Guy Gilles   Cinéaste français (1938 - 1996)
Guy Gilles

" De la place de l'Europe partaient encore d'autres rues qui promettaient des voyages. On pouvait faire le tour du monde avec le nom de tous ces pays et de toutes ces villes. Souvent, des promeneurs désœuvrés s'arrêtaient à la grille qui donnait sur la voie ferrée. Un enfant rêveur comptait les trains qui passent. "

 

Guy Gilles, extrait de L'été recule, roman (inédit).

Témoignages

Souvenirs du tournage d'Au Biseau des Baisers, par Madeleine Serra

 

 

LA RENCONTRE

Vous savez j’avais 17 ans quand j’ai tourné le film... et maintenant, vous inversez les chiffres, j’en ai 71 ! Mais je me souviens bien. J’étais petit rat à l’Opéra d’Alger et je suivais parallèlement des cours au Conservatoire. Guy cherchait une danseuse brune aux yeux verts, je correspondais. J’étais connue comme le loup blanc à l’époque à Alger, parce qu’outre l’Opéra, je faisais aussi de la télévision. Guy m’a donc contactée... et j’ai fait la connaissance d’un garçon charmant, beau comme un Dieu, séducteur comme pas possible, sensuel : il avait tout pour lui. Il rayonnait. Il n’avait pas de tabou particulier, il aimait tout ce qui était beau. C’était un astre vivant. Tout le monde tombait amoureux de lui quand on le rencontrait.

LES LIEUX

On a tourné durant l’été 1959, en muet, par petits bouts, sur les hauteurs d’Alger, dans la Casbah, ou à la pointe Pescade, où je danse dans la scène d’ouverture. Tout le final est dans les ruines de Tipaza : on a souffert l’enfer car on était pieds nus, les rochers étaient pointus et on était envahi par les moustiques. C’était infernal... mais ça ne se voit pas du tout à l’écran ! À Sidi Ferruch, on a découvert ces viviers de moules : les gens venaient là en famille, tiraient des paniers de moules qu’ils dégustaient crues, sur place, avec une bouteille de vin blanc.

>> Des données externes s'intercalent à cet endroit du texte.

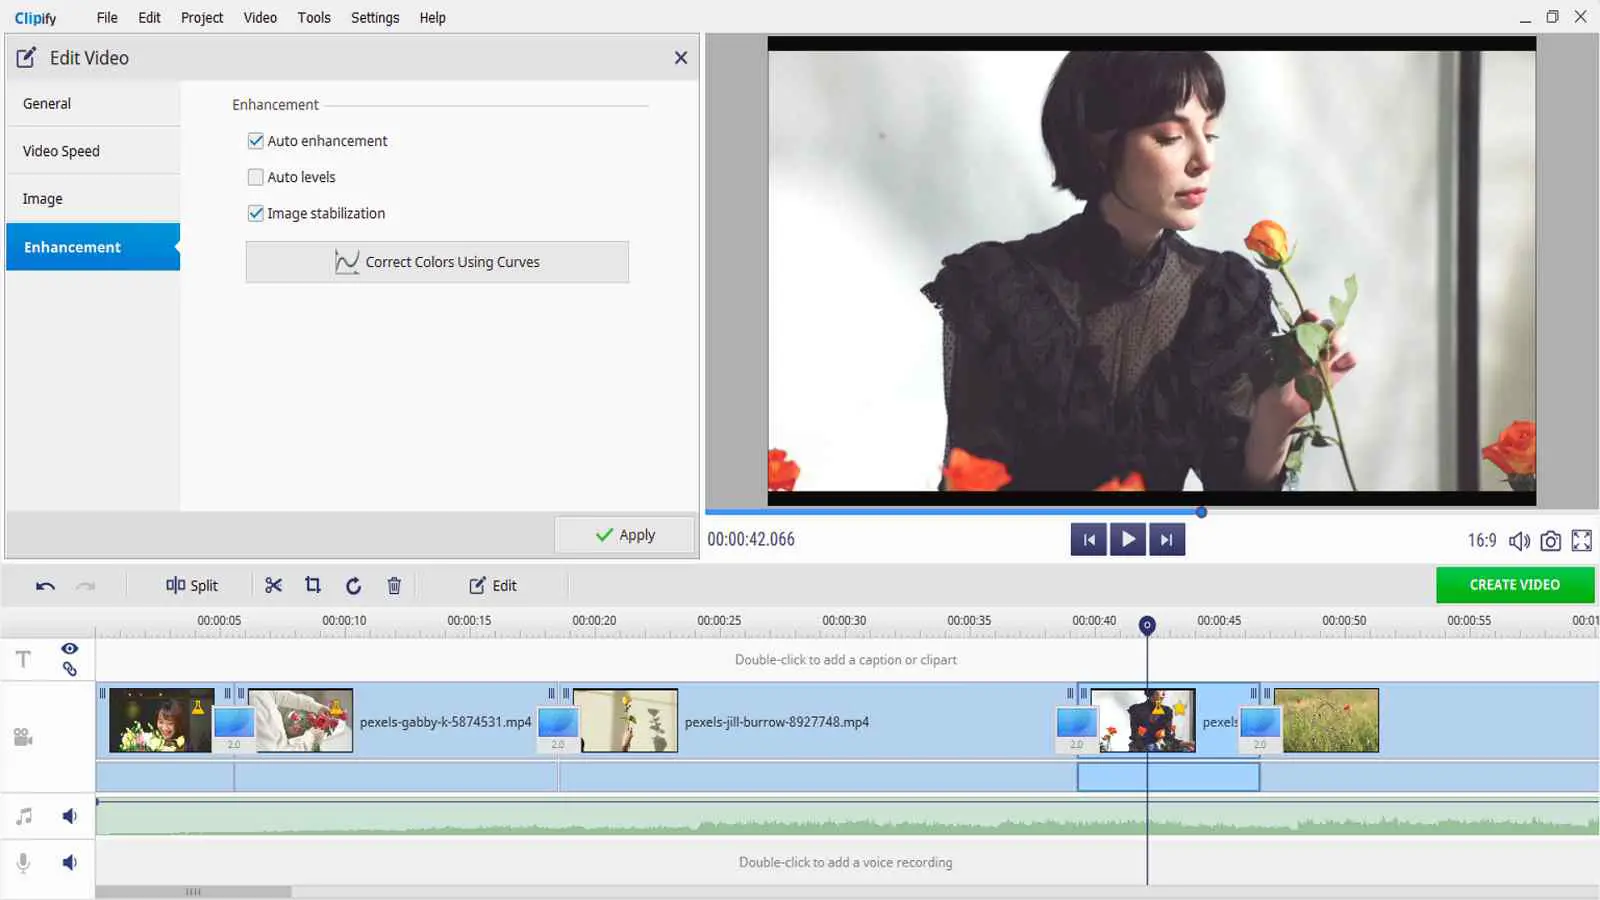 Clipify is a powerful video editor with broad functionality and an intuitive interface designed to be accessible to users with little or no video editing experience.

Et au port de la Madrague, c’est la scène avec Alain Stéphane où je commande une pizza. Dans la scène du dancing, la chanteuse est interrompue par un autre garçon, Fritz Heise, qui est mort dans un attentat peu de temps après le tournage.

MISE EN SCÈNE

Il n’y avait pas de scénario précis : quand j’ai rencontré Guy, il m’a dit ça s’appellera Au Biseau des Baisers, et pour l’histoire, tu verras au fur et à mesure. Mais quand Guy venait me chercher sur le tournage, tout était prêt. On n’a jamais fait 50.000 prises, tout était préparé au cordeau. Il y aurait eu un côté amateur ou déconnant, je ne serais pas restée. Surtout que c’était bénévole : il n’y avait pas d’argent, Guy avait été clair là-dessus dès le départ. Mais c’était aussi bon enfant : entre Marc Sator et Guy Gilles, aucun n’avait de pouvoir sur l’autre. On était tous égaux, comme si on avait joué dans une cour de récréation. D’ailleurs on le sent dans le film : c’est serein. Pour moi les extérieurs, c’était quelque chose qui me changeait de l’Opéra ou des plateaux de télévision. J’étais une éponge, je me laissais guider, comme mon partenaire Alain Gual, qui lui n’avait jamais fait l’acteur auparavant. Y’avait pas de stress. Guy était tellement charmant, il pouvait vous balancer des horreurs sur ce qui ne lui plaisait pas, ça passait !

À PARIS

J’ai quitté l’Algérie en 1961, pour aller travailler au Châtelet. Là j’ai retrouvé des gens qui m’ont donné le téléphone de Guy, il m’a aussitôt organisé une projection sur les Champs-Elysées : il avait fait la post-production sans moi, n’ayant plus mes coordonnées. Quand j’ai vu le résultat j’ai été surprise par la quantité de texte, et puis c’est Marie Dubois qui fait ma voix : son phrasé n’est pas tout à fait le mien, plus académique. Mais au fond je ne savais pas ce que Guy voulait faire : j’étais la marionnette qu’on a manipulé. Et j’ai été très agréablement surprise, émerveillée par la couleurs, la beauté, ces couleurs que j’avais quittées. Jean-Pierre Melville a vu le film, qu’il a beaucoup aimé, et il a voulu me rencontrer. On a fait des photos pour un film, qui ne s’est pas concrétisé. Après j’ai tourné une page professionnellement. J’ai été terriblement triste quand j’ai appris la maladie de Guy. Mon partenaire à l’Opéra est lui aussi mort du sida, et j’ai donné trois ans de ma vie en travaillant pour l’antenne locale d’Aides, ici (en Alsace).